Menurutnya, lemahnya pengawasan terhadap penggunaan gadget menjadi celah bagi anak-anak untuk mengakses konten yang tidak sesuai usia.

“Lemahnya pengawasan terhadap penggunaan gadget dapat membuka ruang bagi anak-anak mengakses konten yang tidak sesuai,” ujarnya.

Dengan nada tegas namun penuh kekhawatiran, ia mengingatkan para orang tua agar tidak lengah. 

Pengawasan terhadap anak, khususnya dalam penggunaan media sosial, dinilai menjadi faktor penting yang akan menentukan arah perkembangan mereka ke depan.

“Orang tua tolong awasi anak-anaknya dan gadget yang ada di tangan mereka. Karena itu sangat menentukan bagaimana masa depan anak,” pesannya.

Tak hanya itu, Irawati juga menyoroti masih lemahnya implementasi pembatasan usia penggunaan media sosial yang diterapkan pemerintah pusat. 

Baca juga: Wabup Irawati Sampaikan LKPJ 2025 Pendapatan Kotim Rp 1,97 T, Sawit Jadi Penopang PAD

Baca juga: Wakil Bupati Kotim Dorong Pembatasan Gadget Anak Usai Terungkap Paparan Radikalisme

Menurutnya, celah seperti penggunaan akun palsu atau manipulasi data umur membuat anak-anak tetap bisa mengakses platform digital tanpa kontrol memadai.

Ia pun mendesak aparat penegak hukum untuk segera turun tangan menelusuri keberadaan grup tersebut, guna memastikan kebenaran informasi sekaligus mencegah dampak yang lebih luas.
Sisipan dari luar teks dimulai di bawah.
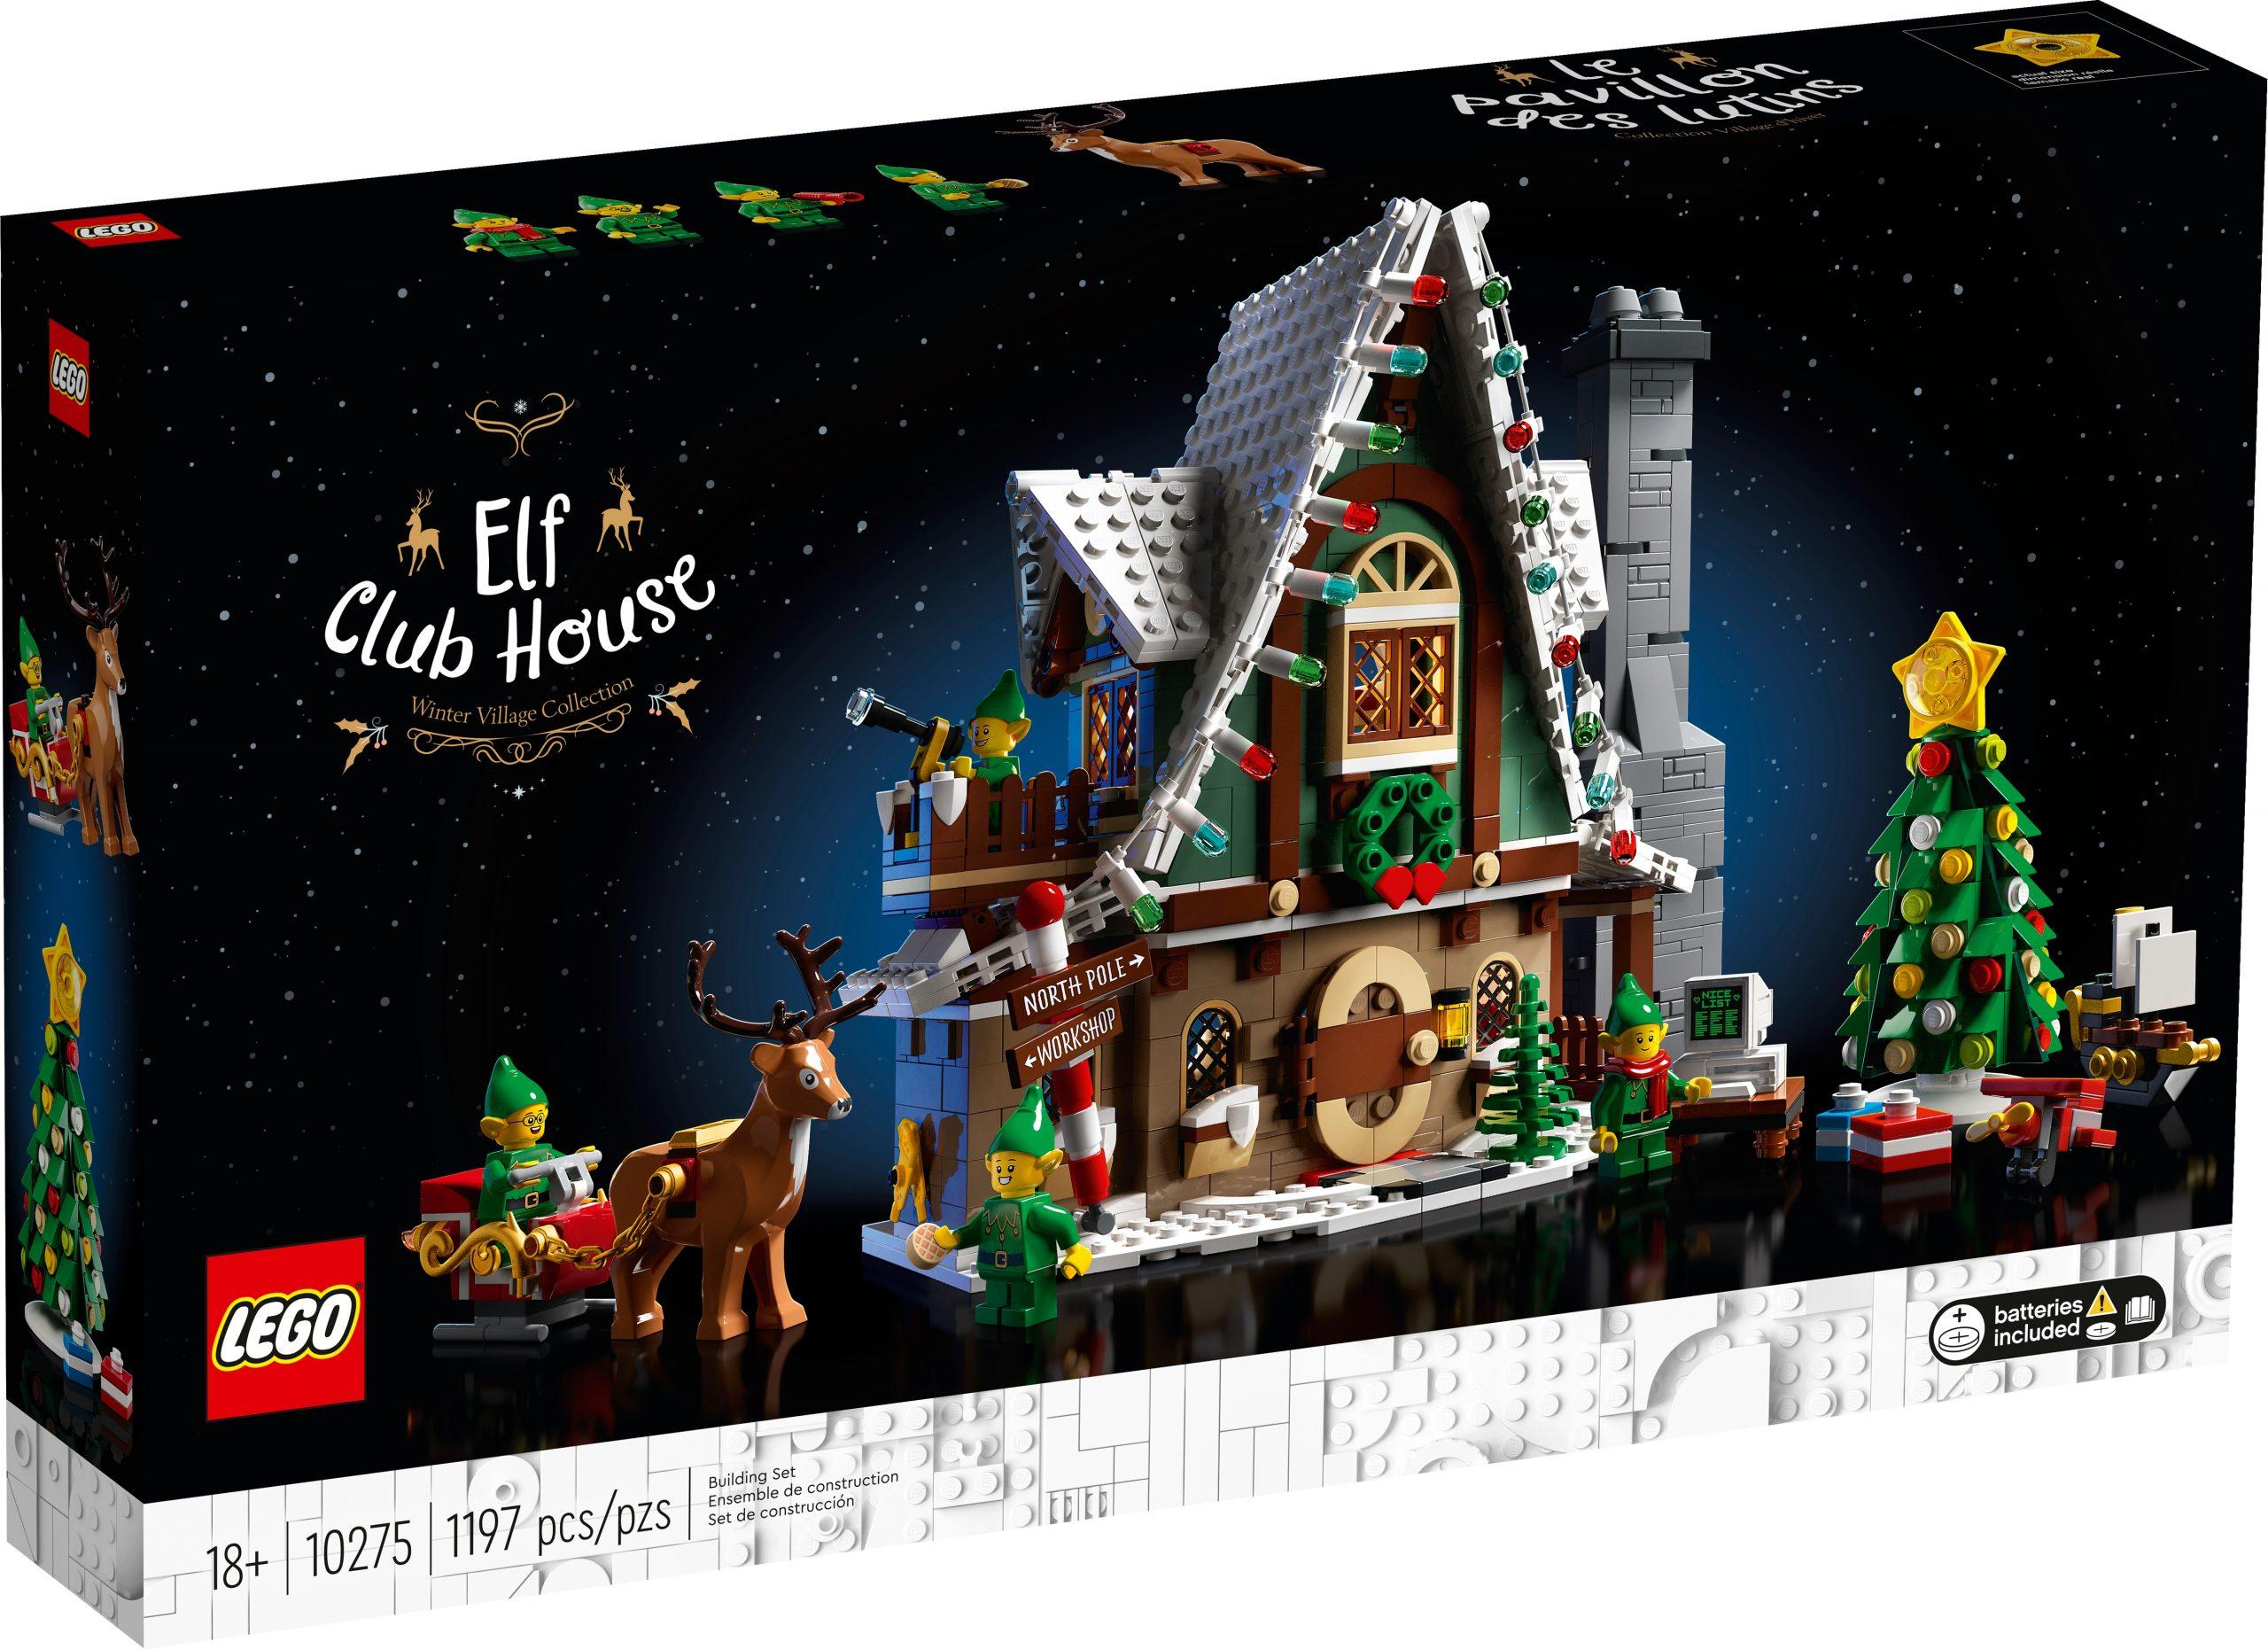 lego 10275 elfen klubhaus scaled

“Terkait adanya grup itu, saya sangat mengutuk, jika memang benar ada. Saya minta pihak berwajib segera menelusuri dan melihat apa isi di dalamnya,” katanya.

Menurutnya, langkah cepat dan tepat sangat diperlukan untuk melindungi kalangan remaja yang rentan terpengaruh oleh lingkungan digital yang tidak sehat. Ia berharap seluruh anak di Sampit dapat terlindungi dari perilaku yang dinilai menyimpang.

“Intinya, mudah-mudahan anak-anak Sampit semuanya terlindungi dari perbuatan yang tidak baik. Kita semua tentu tidak menginginkan hal-hal seperti ini terjadi di lingkungan kita,” imbuhnya.

Di akhir pernyataannya, Irawati juga mengingatkan para remaja agar lebih bijak dalam menggunakan media sosial. Ia menegaskan bahwa platform digital seharusnya dimanfaatkan untuk hal-hal positif yang memberikan nilai dan manfaat.

“Para remaja harus bijak dalam menggunakan media sosial. Gunakan untuk hal yang bermanfaat, karena media sosial bukan hanya untuk melihat, tapi juga untuk berinteraksi,” tandasnya.